Public service means to pay tribute to others without regard to yourself. Those who choose a life in politics and government ought to understand that basic tenet. If only the president of the United States could grasp the simplicity of that concept.

Let’s not get physical with the media

Here’s yet another twist in the Trump administration’s ongoing conflict with the media. This one is a beaut.

Environmental Protection Agency officials forcibly escorted reporters from CNN and The Associated Press from a meeting room, barring them from covering a public event to discuss harmful chemicals in water.

EPA officials said there was a shortage of seats in the room. Reports indicate there were empty seats when EPA Administrator Scott Pruitt spoke to the group gathered.

What’s going on here? Please tell me the Trump administration isn’t going to start kicking reporters out of these events because of some perceive “negative coverage” he might get.

According to CNN.com: Sarah Sanders, the White House press secretary, addressed the matter at the daily briefing. Sanders said the White House would “certainly” look into the matter, but said for now she would refer reporters to the EPA’s statement, explaining that she could not “speak to a situation that I don’t have a lot of visibility into.” 

Yes, Ms. Sanders, the White House needs to “look into the matter.” It also needs to allow the media unfettered access to events of public concern for all Americans.

There’s that thing called the U.S. Constitution’s First Amendment, too, that guarantees “freedom of the press.” Let ’em report … freely!

‘Obligation,’ no; prerogative, yes!

CNN anchor Don Lemon is not among my favorite TV journalists/talking heads.

He is the one who once asked — reportedly in all seriousness — whether the Malaysian Airlines jetliner that disappeared en route from Kuala Lumpur to Beijing had been swallowed up by a “black hole,” apparently not realizing that such an event would have consumed the entire solar system.

I got that out of the way.

Now we hear that Lemon says it is his “obligation” to refer to Donald J. Trump as a “racist.”

According to The Hill: “Critical thinking is important as a journalist. If you cannot surmise that this president — if he’s not racist, he’s certainly racist-adjacent,” Lemon told an audience as the keynote speaker at Variety’s Entertainment & Technology NYC Summit. “We have come to a consensus in our society that facts matter. I feel like it’s my obligation to say that.”

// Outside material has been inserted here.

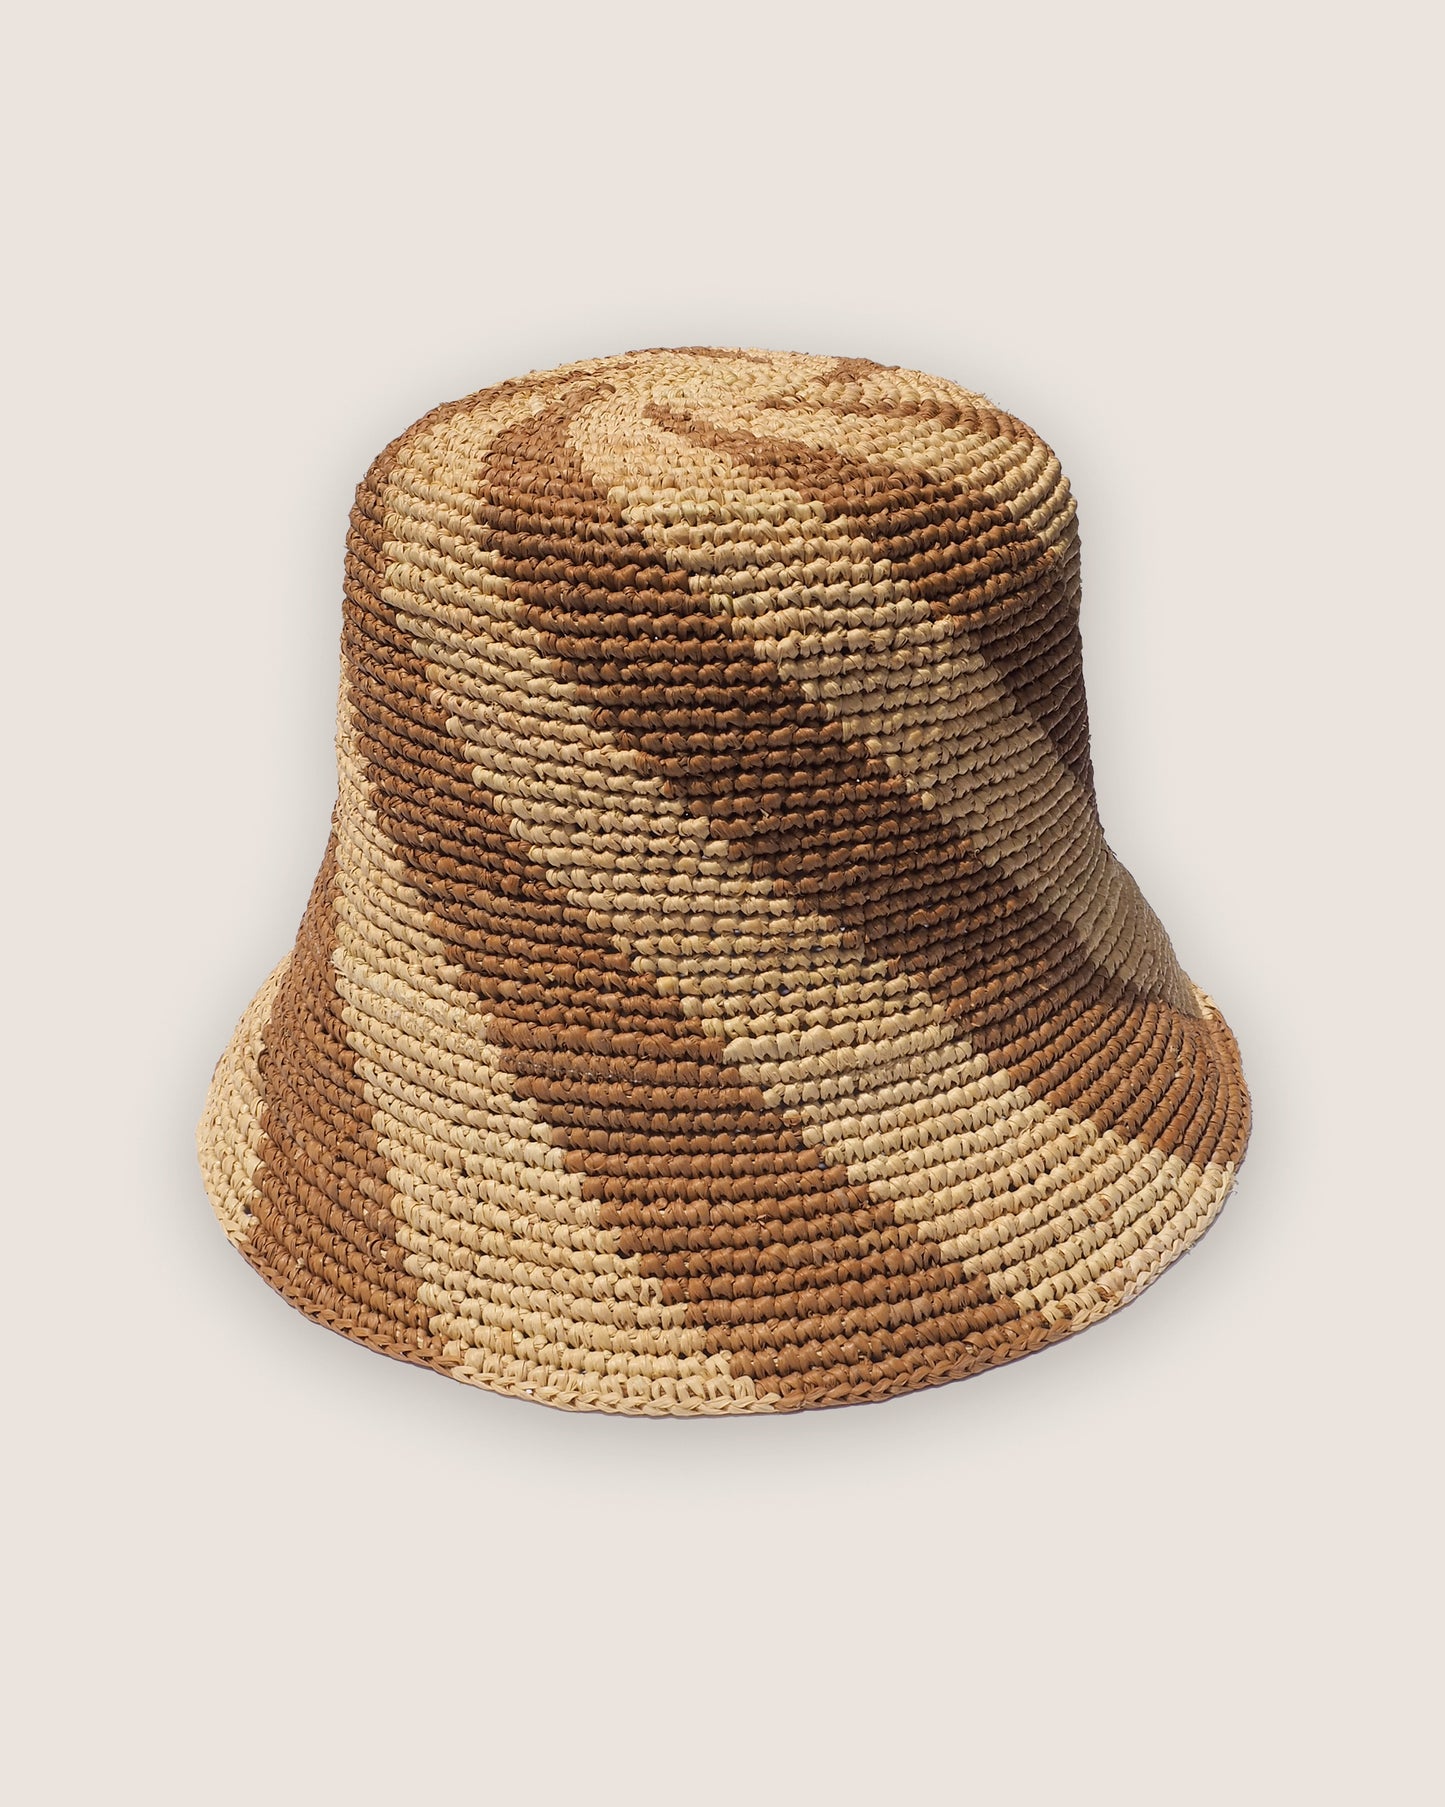 Jace Banu Cyra Bucket Hat - Bronze & Natural Spiral
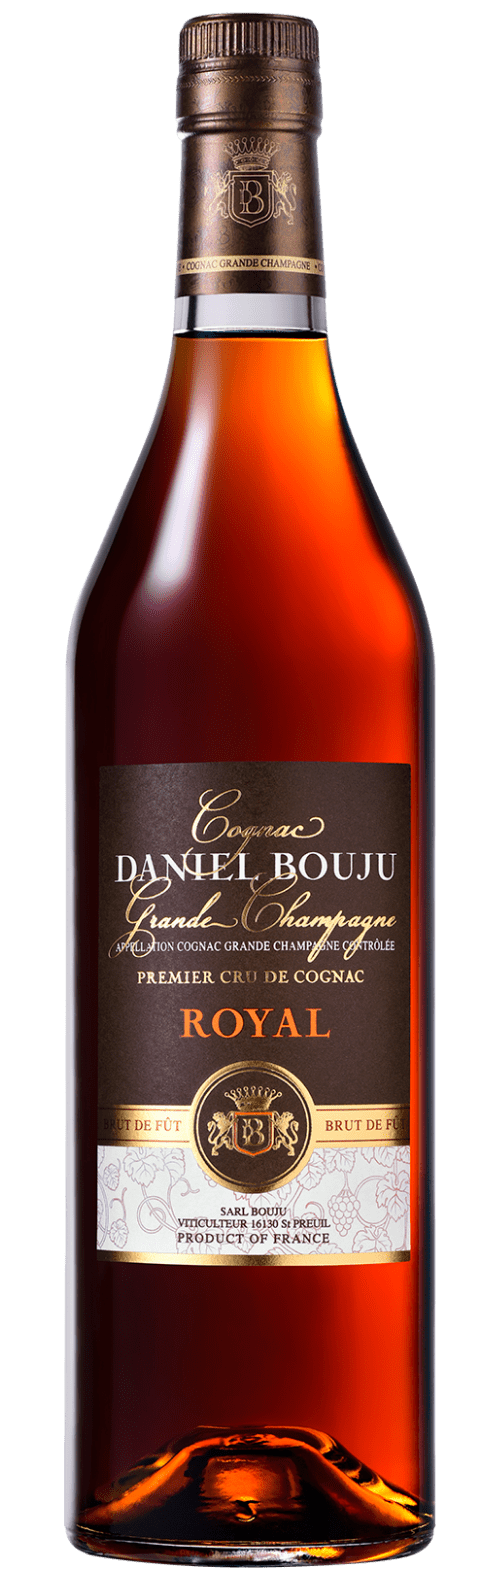 Royal Cognac Grande Champagne A.C.C. Daniel Bouju

I beg to differ, young man.

It’s not your “obligation,” although it is your “prerogative” to say what you want about how you perceive the president’s point of view. His obligation as a journalist requires fairness and accuracy.

I am quick to agree that Donald Trump has provided plenty of evidence of racist tendencies. I keep turning to the lie he fomented about Barack Obama place of birth, as he kept alive the slanderous accusation that the first African-American president was born in Africa and was constitutionally ineligible to serve in the office to which he was elected twice.

And, yes, there was that hideous assertion that there were good people “on both sides” of the riot that erupted in Charlottesville, Va., between counterprotesters and Klansmen, neo-Nazis and white supremacists.

Lemon’s “obligation” only is to report what Trump has said; he should let his viewers make the determination as to whether the president is a racist.

The U.S. Constitution’s First Amendment, of course, doesn’t prevent him from hanging the “racist” label on Trump. Indeed, it allows Lemon to say it, but it damn sure doesn’t require it.